Me: Can I check this bag?
Her: No. And please note the tour is in French.
Me: We are speaking French right now. Does it sound like I don’t understand?
The guide arrived, in a ratty scarf and unbrushed hair, and began the tour in a murmur better suited to a Serge Ginsbourg backing signer than someone addressing senior citizens in a cobblestone courtyard. Even when she scolded people—“Don’t take pictures! “Erase that photo!” “I said, don’t touch anything!”—it was barely audible.
“Here’s the original building, the oldest one in the complex,” she whispered. “We can’t go in there. Over there are the dye vats. We can’t go in there.” Where we could go was on a hike across the street to a building that was modern, but whose elevator we were not allowed to use. So we tromped up 6 flights to see approximately 6 FUGLY rugs and tapestries. All contemporary. Call me crazy, but I don’t go to a 400-year-old institution to see crap created in Lady Gaga’s lifetime. The figurative pieces looked babyish—a silhouette of a hand that recalled kindergarten finger-paint projects—and the abstracts looked like still lives of vomit. We viewed ZERO old ones.
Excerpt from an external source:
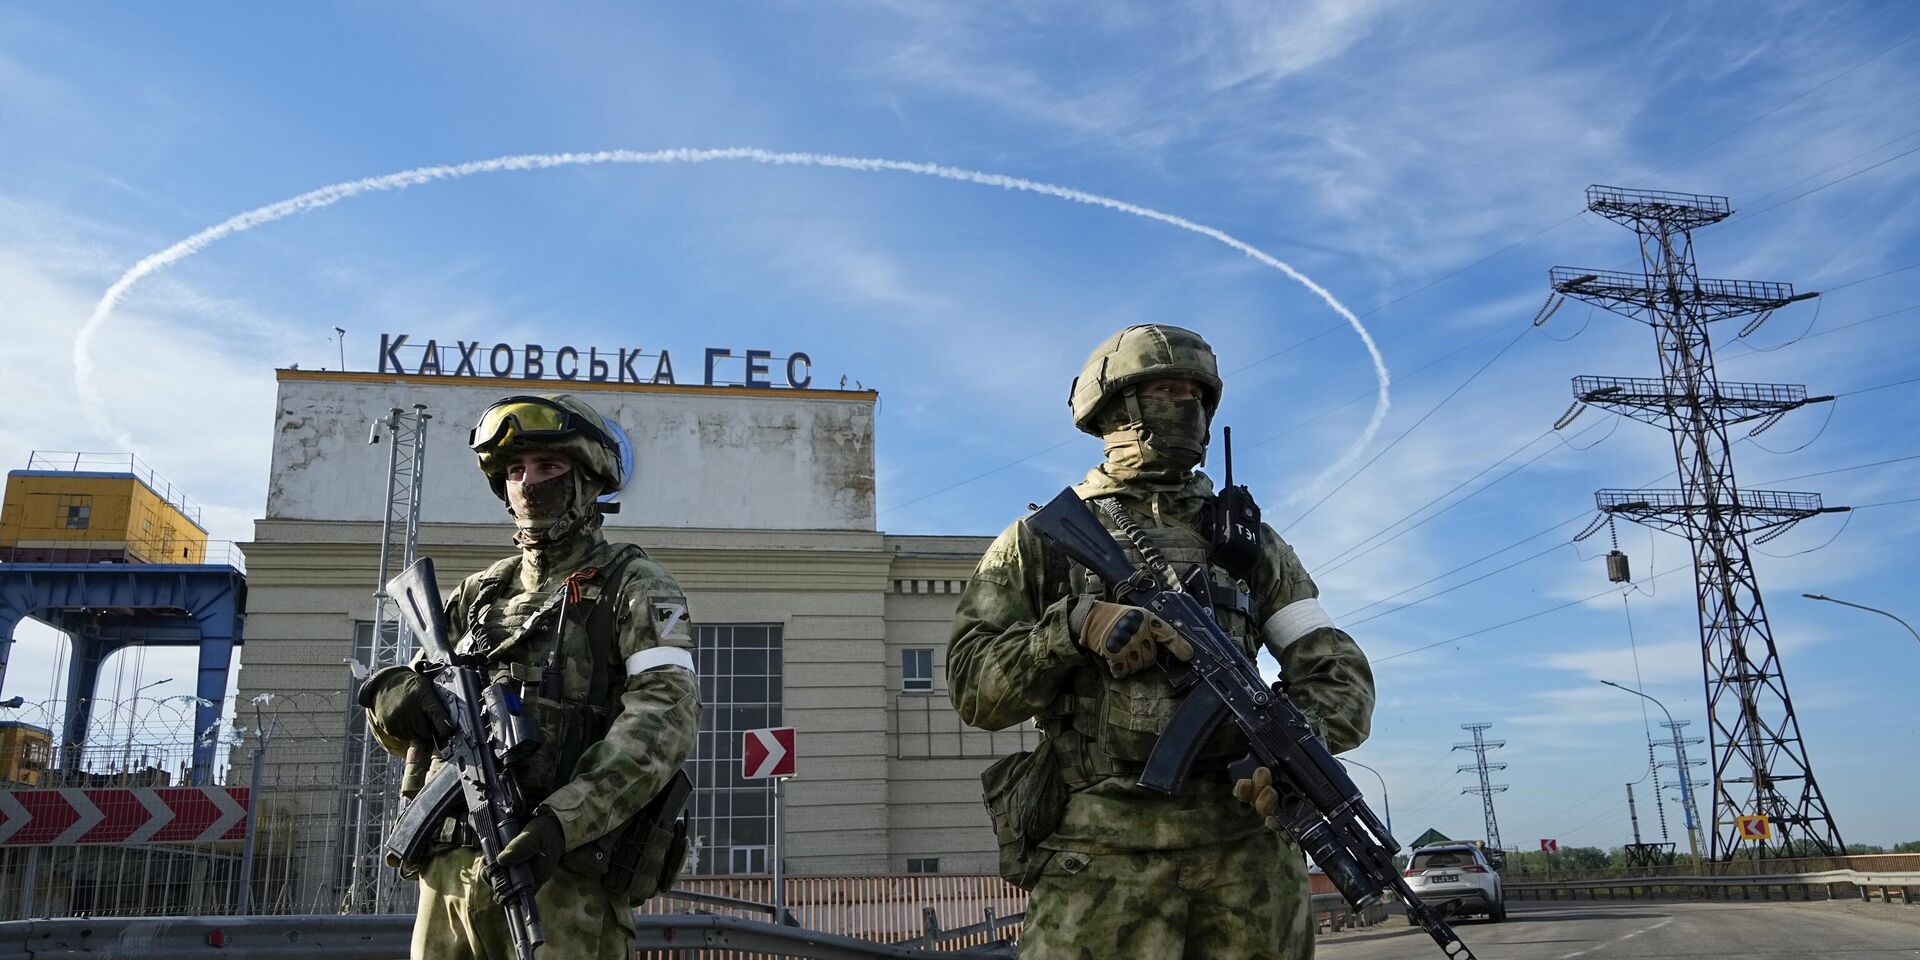 Российские войска охраняют территорию Каховской ГЭС, расположенной в Херсонской области. Пятница, 20 мая, 2022 год - ИноСМИ, 1920, 15.06.2023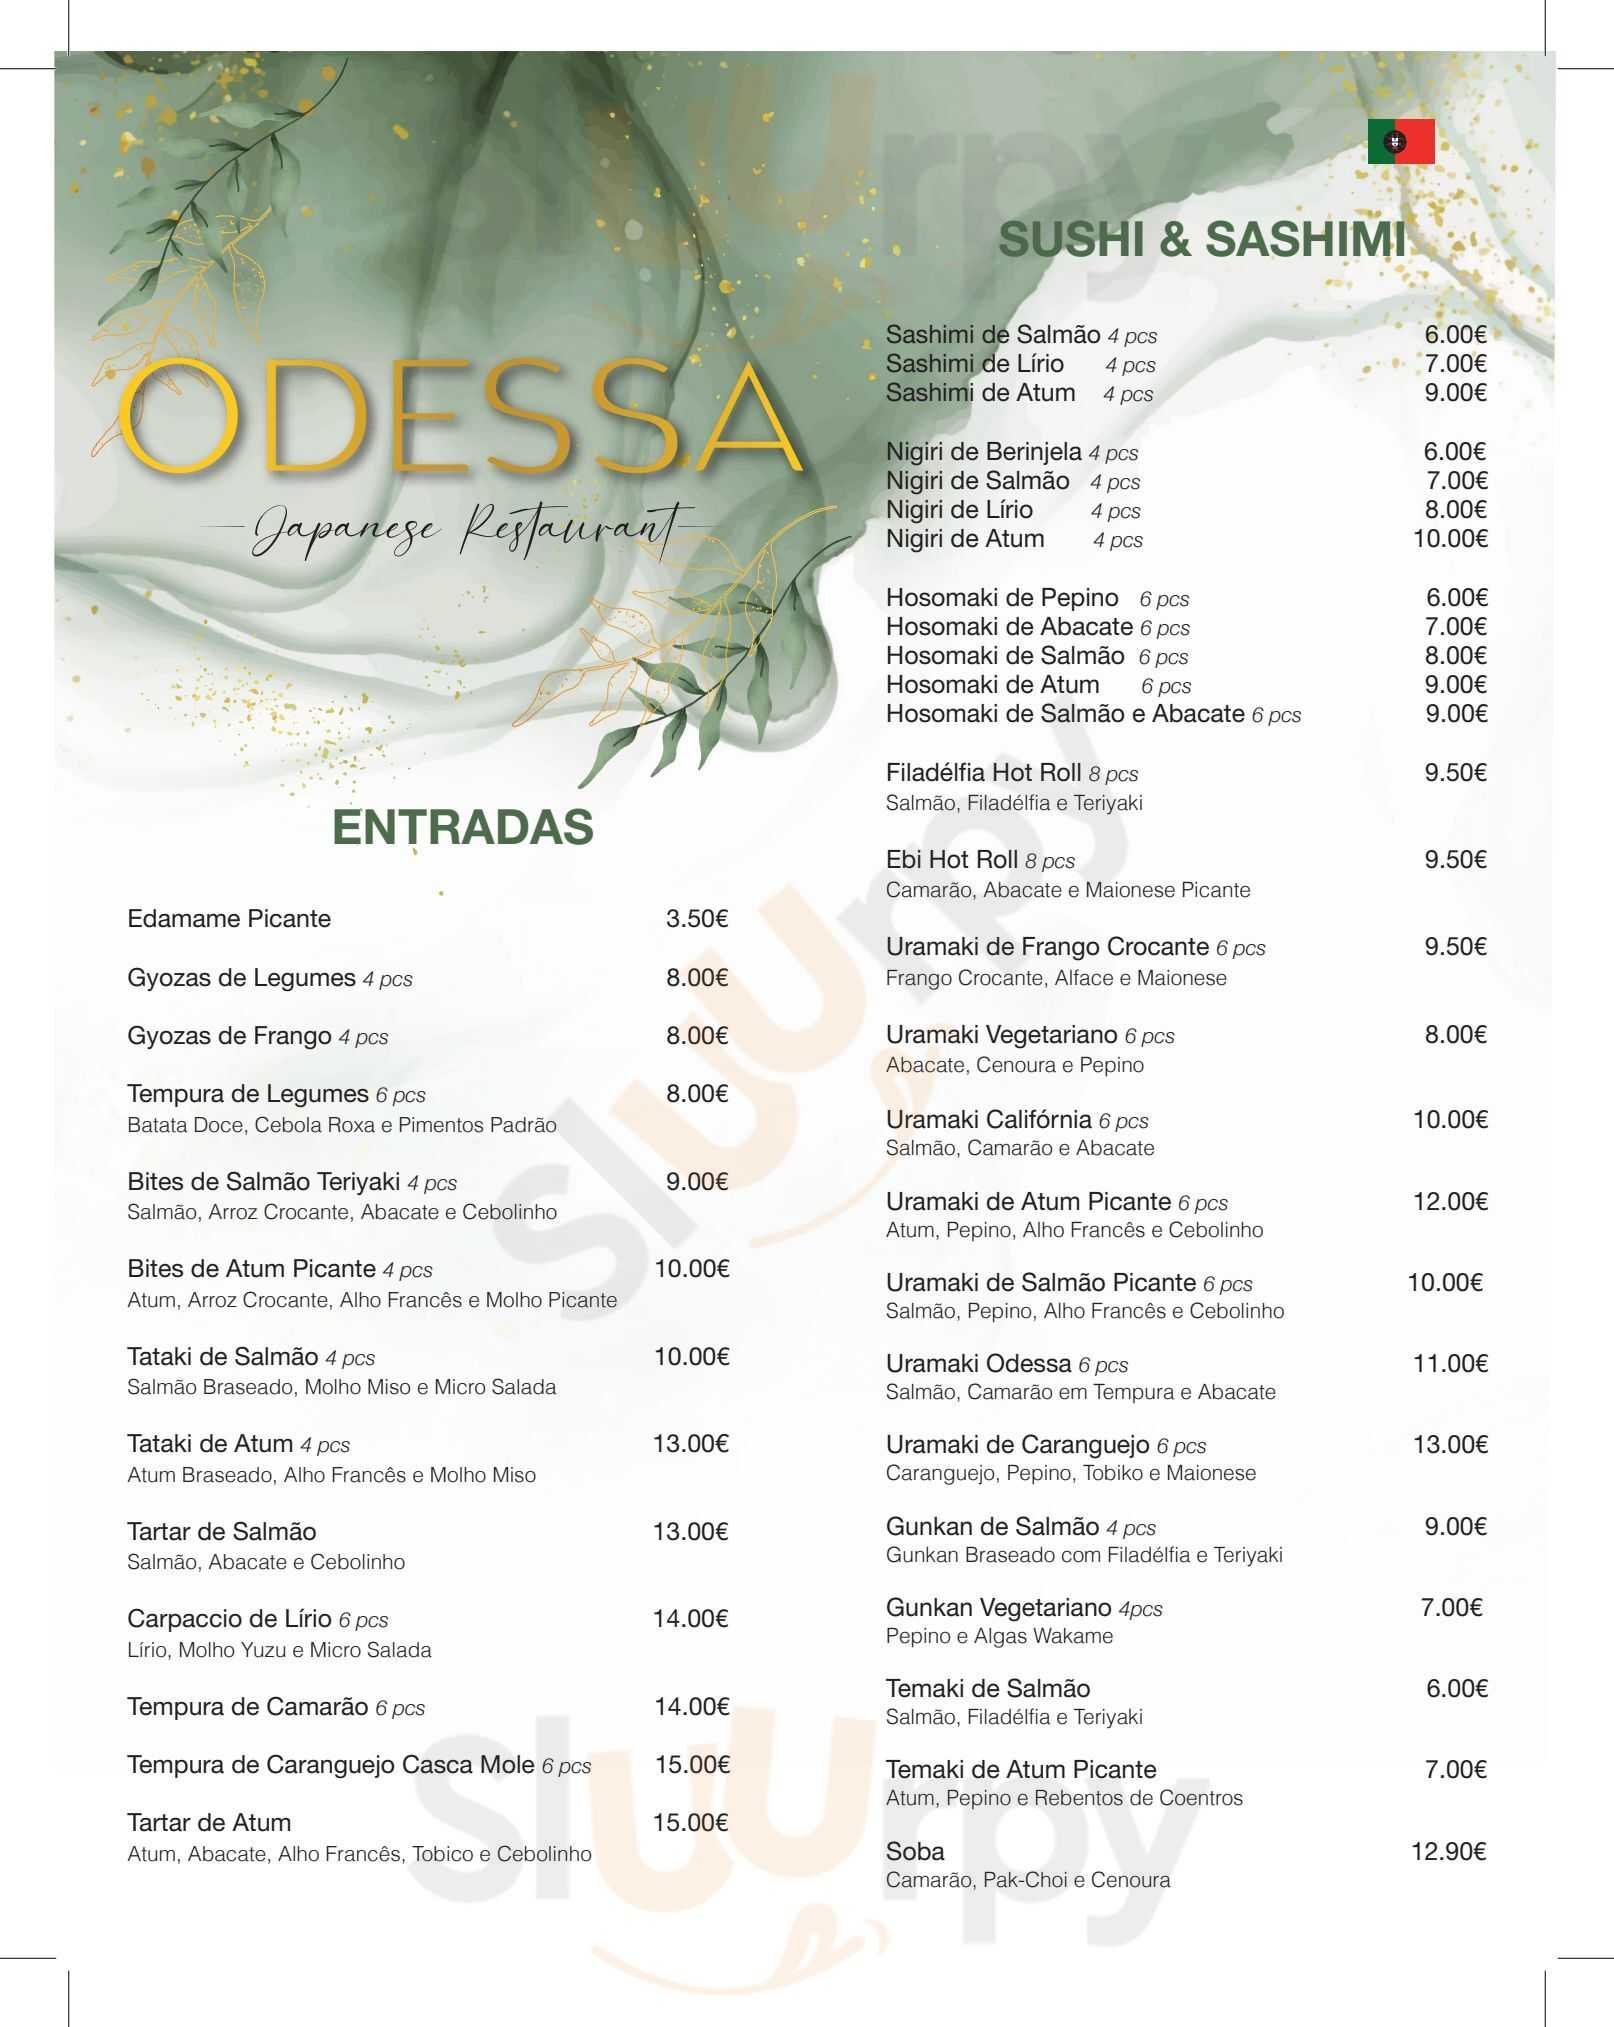 Odessa Sushi Restaurant Albufeira Menu - 1

The tour guide didn’t tell us how many tapestries the place had made or what the subject matter of them was. Perhaps cognizant of the fact that 9 euros is a lot to pay to see 6 dopey “metiers” with no context to speak of, the guide held up a few 8 x 11 photocopies of rugs that—once again—we were not allowed to see in person.
There was one highlight: witnessing rug-makers in action. Up to five people at a time wove wool yarn from large spools in and out of what looked like piano innards. They would refer, from time to time, to the original work of “art” nearby, one of which looked like early computer artwork by a heavy metal pothead. Believe, me, it wasn’t as cool as that might sound.
The extent to which all this inspired the tourists and septuagenarians was summed up in the first question asked by one. “How much do the weavers make?” an old dude wanted to know. When the guide answered that the women (the weavers are almost all women) are “B” level civil servants, an argument broke out in the crowd over whether Bs earn a livable salary. “Barely above minimum wage,” muttered one visitor.
And just like that, it was over. No gift shop, no catalogues, no post cards. OK, I’m exaggerating. You could buy a wool pompon for 3 euros. The debacle reminded me of the old joke, “Terrible food. And such small portions!”